Ecosystem relève également certaines difficultés ou points d’attention : l’éco-organisme devra veiller à ce que ce fonds soit utilisé de manière pertinente et ne serve pas à indemniser la réparation d’appareils encore sous garantie. Une question d’autant plus complexe qu’en France, il existe des garanties de diverses natures (légale, contractuelle, extension de garantie, prise en charge par les assurances responsabilité civile…) et de durées variables.
L'élaboration d’un annuaire des réparateurs
Le rôle endossé par Ecosystem ne se limite pas au pilotage d’un fonds dédié. Il est nécessaire de lever certains obstacles qui freinent les consommateurs et ceux-ci ne concernent pas seulement le coût de la réparation. Faire réparer doit également être pratique.

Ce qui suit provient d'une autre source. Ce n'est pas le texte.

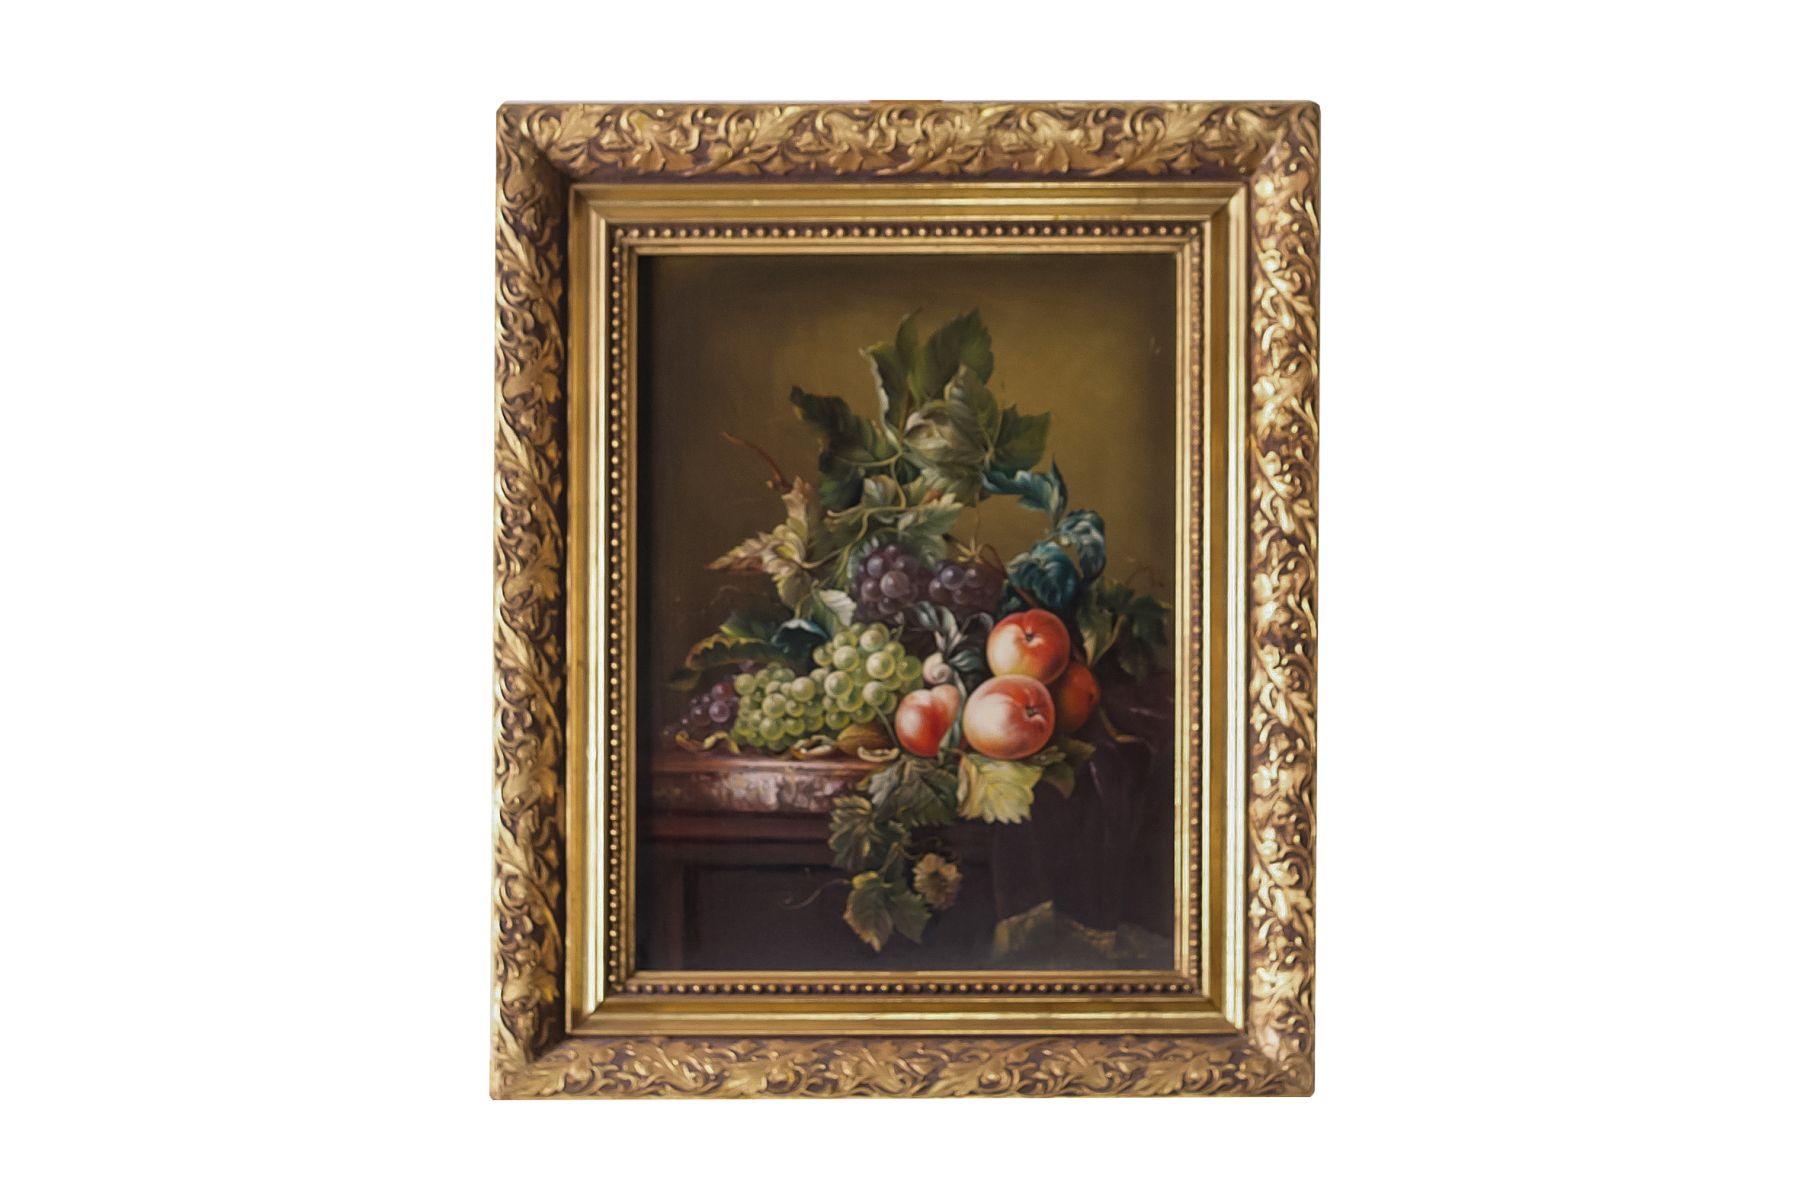 "#4 Gyula Kadas (1959) ""Still Life with Fruit"" | Gyula Kadas ( 1959) ""Stillleben mit Obst"" Image"

Ecosystem développe actuellement un annuaire des réparateurs, dont la démonstration a été faite lors de la conférence de presse. Il devrait être accessible au public d’ici la fin du premier semestre 2021. Cette base de données se veut la plus complète possible, fournissant des informations pratiques comme le type d’appareil pris en charge par chaque réaparateur, la présence d’un parking, les horaires d’ouverture… ainsi qu’une fonction de géolocalisation.

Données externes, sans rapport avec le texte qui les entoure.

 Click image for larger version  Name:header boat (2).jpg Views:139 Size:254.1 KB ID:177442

Ecosystem précise qu’il ne s’agit pas de réparateurs recommandés mais labellisés, qui répondent donc à un certain nombre de critères vérifiés (responsabilité civile professionnelle, inscription aux registres, habilitation électrique, politique RGPD…).

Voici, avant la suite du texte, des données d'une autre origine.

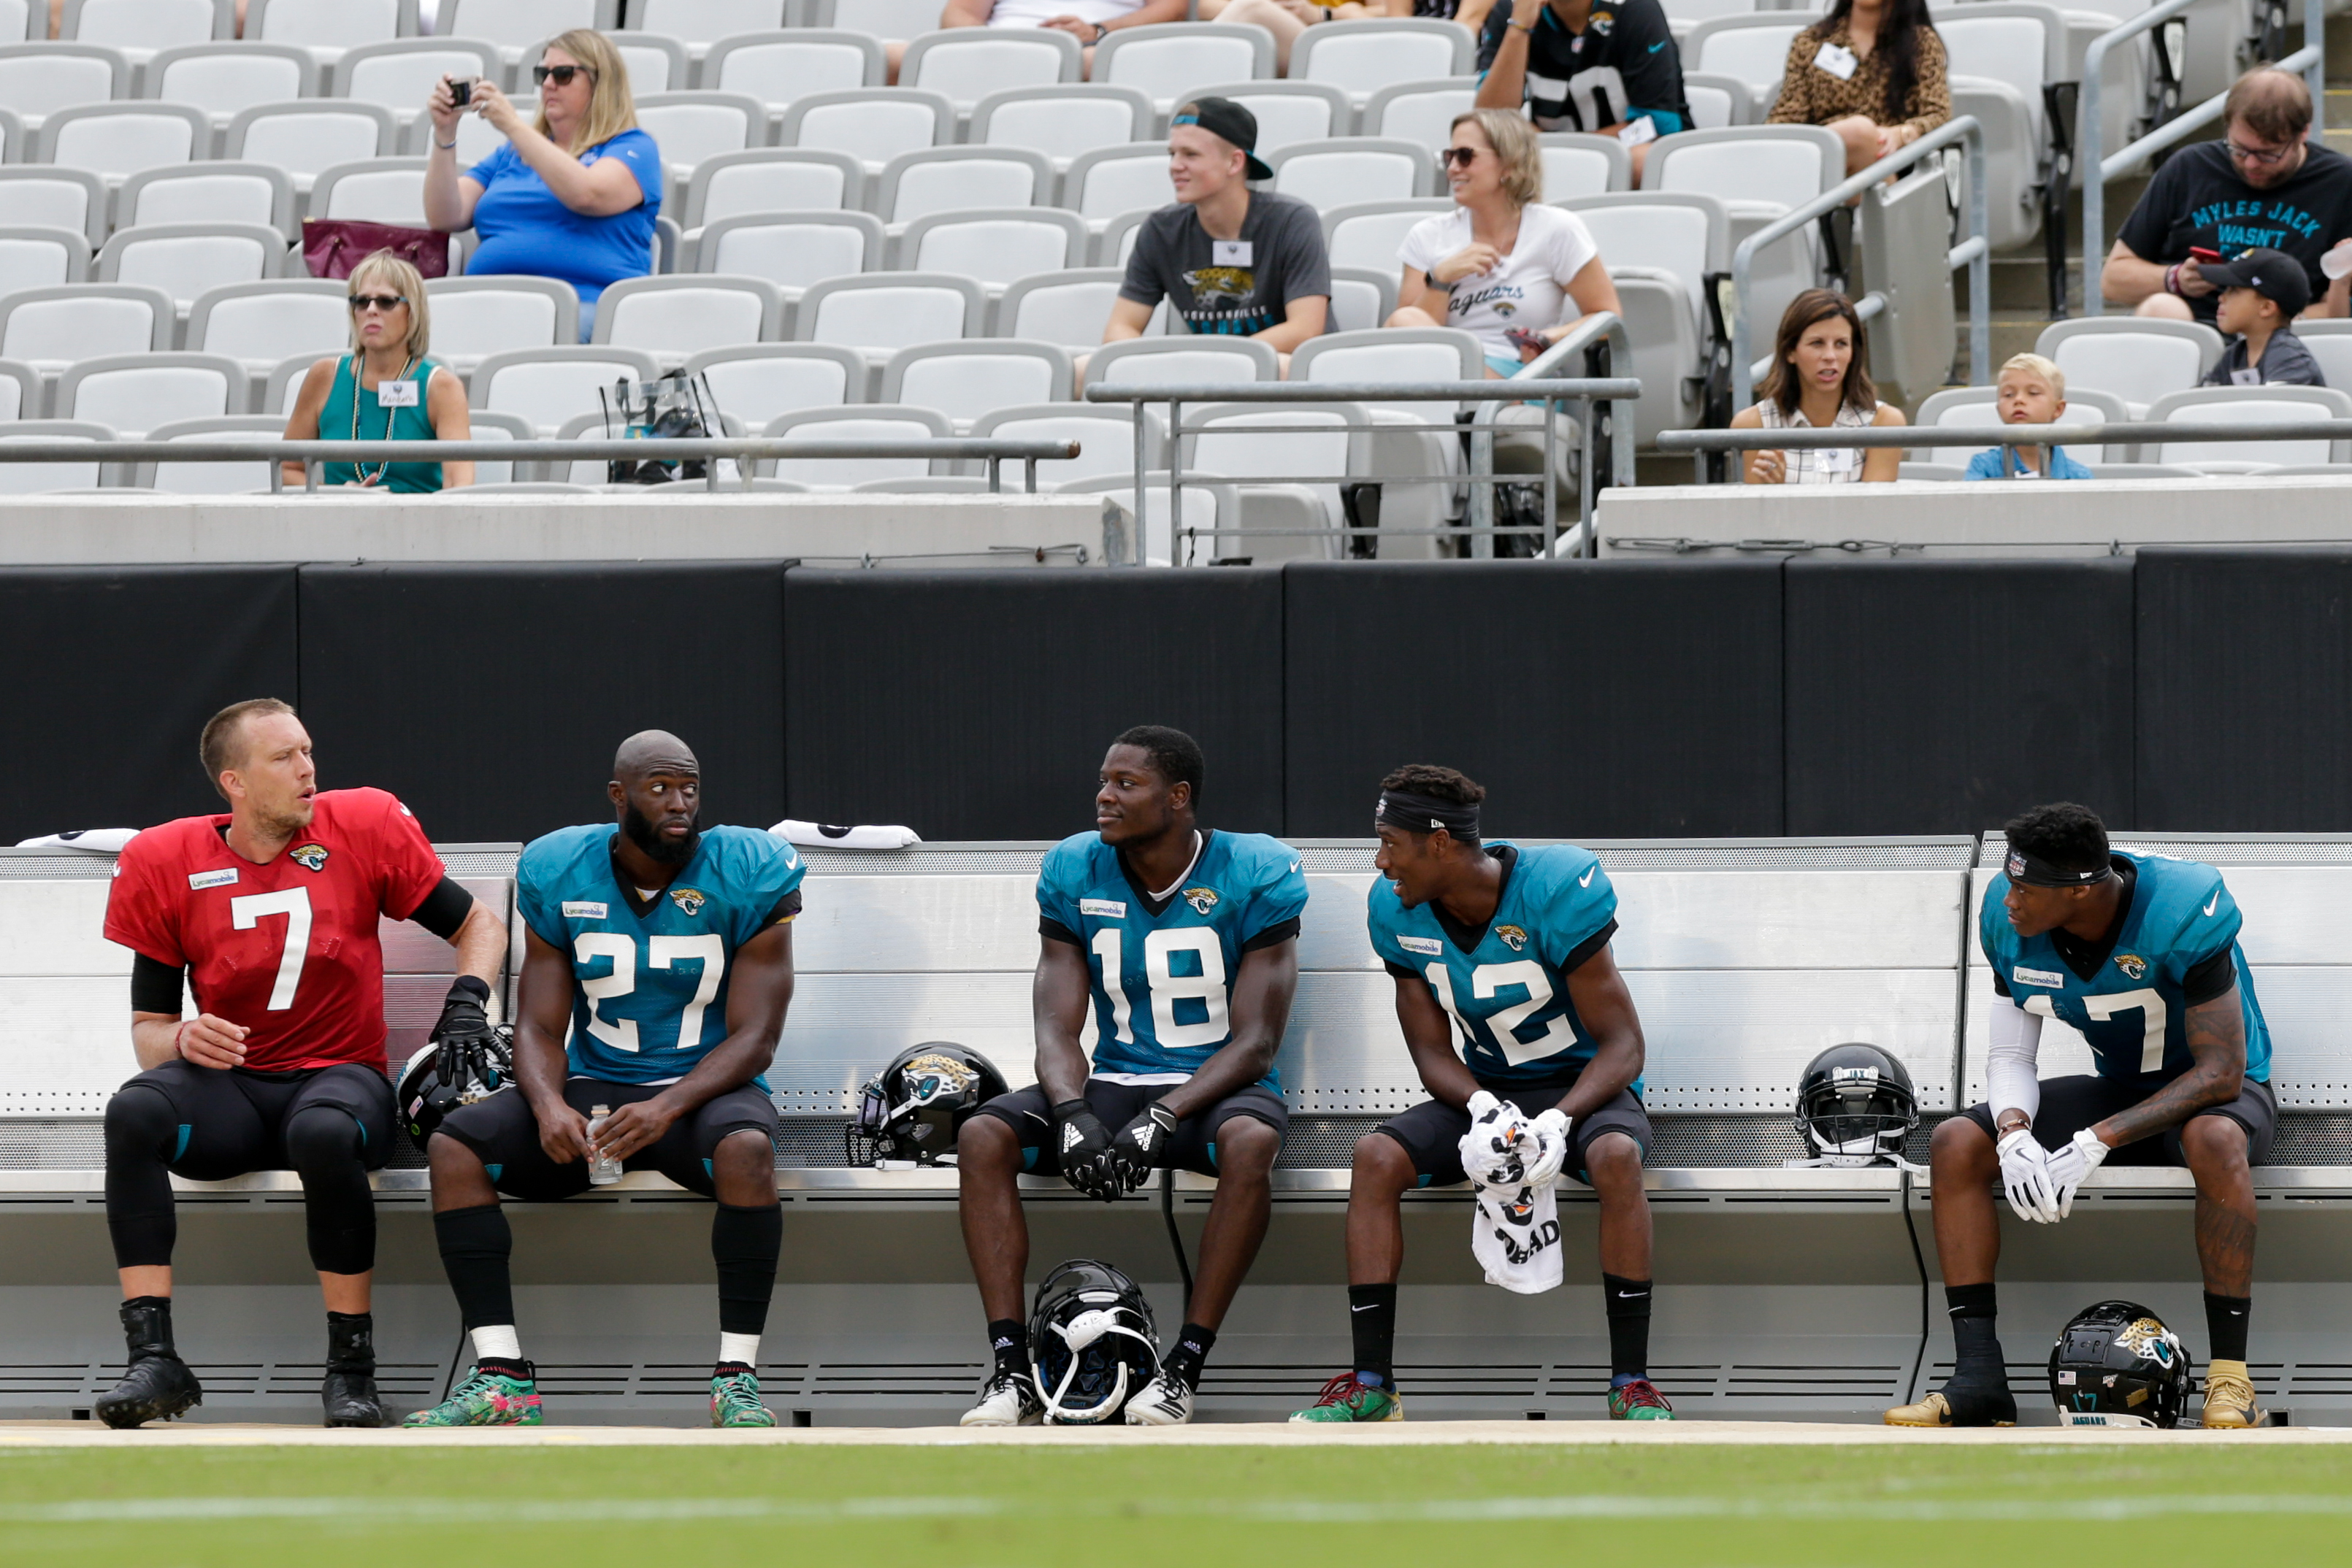 NFL: AUG 02 Jaguars Training Camp

Réemploi : déjà 7 000 emplois en France
Depuis 2006, Ecosystem favorise le réemploi. Cette activité génère 7 000 emplois en France, dont un sur deux dans le secteur de l’économie sociale et solidaire. L’éco-organisme met à disposition des acteurs du réemploi un important flux de DEEE – les appareils proviennent du réseau national de déchetteries ou de reprises d’anciens appareils lors de livraisons. En 2019, parmi les 80 millions d’appareils électriques et électroniques collectés, 574 263 ont d’ailleurs été réemployés.
Si cela concerne beaucoup les appareils électroménagers, Ecosystem se préoccupe également de plus petits produits comme les téléphones mobiles, qui représentent un important gisement (50 à 100 millions de téléphones dormiraient dans les tiroirs selon Ecosystem). Aussi, l’année dernière, l’éco-organisme a-t-il ouvert le site dédié jedonnemontelephone.fr. Les consommateurs qui souhaitent se délester d’un ancien téléphone qui n’a plus de valeur marchande ou parce qu’ils privilégient le don à la revente, peuvent y céder leur appareil, sans frais d’envoi. Les Ateliers du Bocage assure la remise en état, après avoir suivi un protocole strict d’effacement des données personnelles.
Elargir le réemploi aux pièces détachées
La loi anti-gaspillage prévoit également de développer l’utilisation de pièces détachées issues de l’économie circulaire. Cette évolution interviendra le 1er janvier 2022, un an après l’apparition de l’indice de réparabilité et du fonds réparation (1er janvier 2021).
Pour approvisionner les réparateurs en pièces détachées d’occasion, une plateforme nationale doit voir le jour en 2022. Ecosystem précise qu’un pilote cofinancé par l’Ademe a été développé il y a deux ans, pour déterminer quelles sont les pièces les plus demandées par les réseaux de réparateurs.
Actuellement, il existe déjà une base de données baptisée Agora, qui agrège les pièces neuves d’origine. Interrogé sur la possible intégration de pièces d’occasion à la plateforme existante Agora, Ecosystem explique ne pas savoir comment la plateforme va s’organiser ; là encore, des travaux et décrets sont en cours d’élaboration.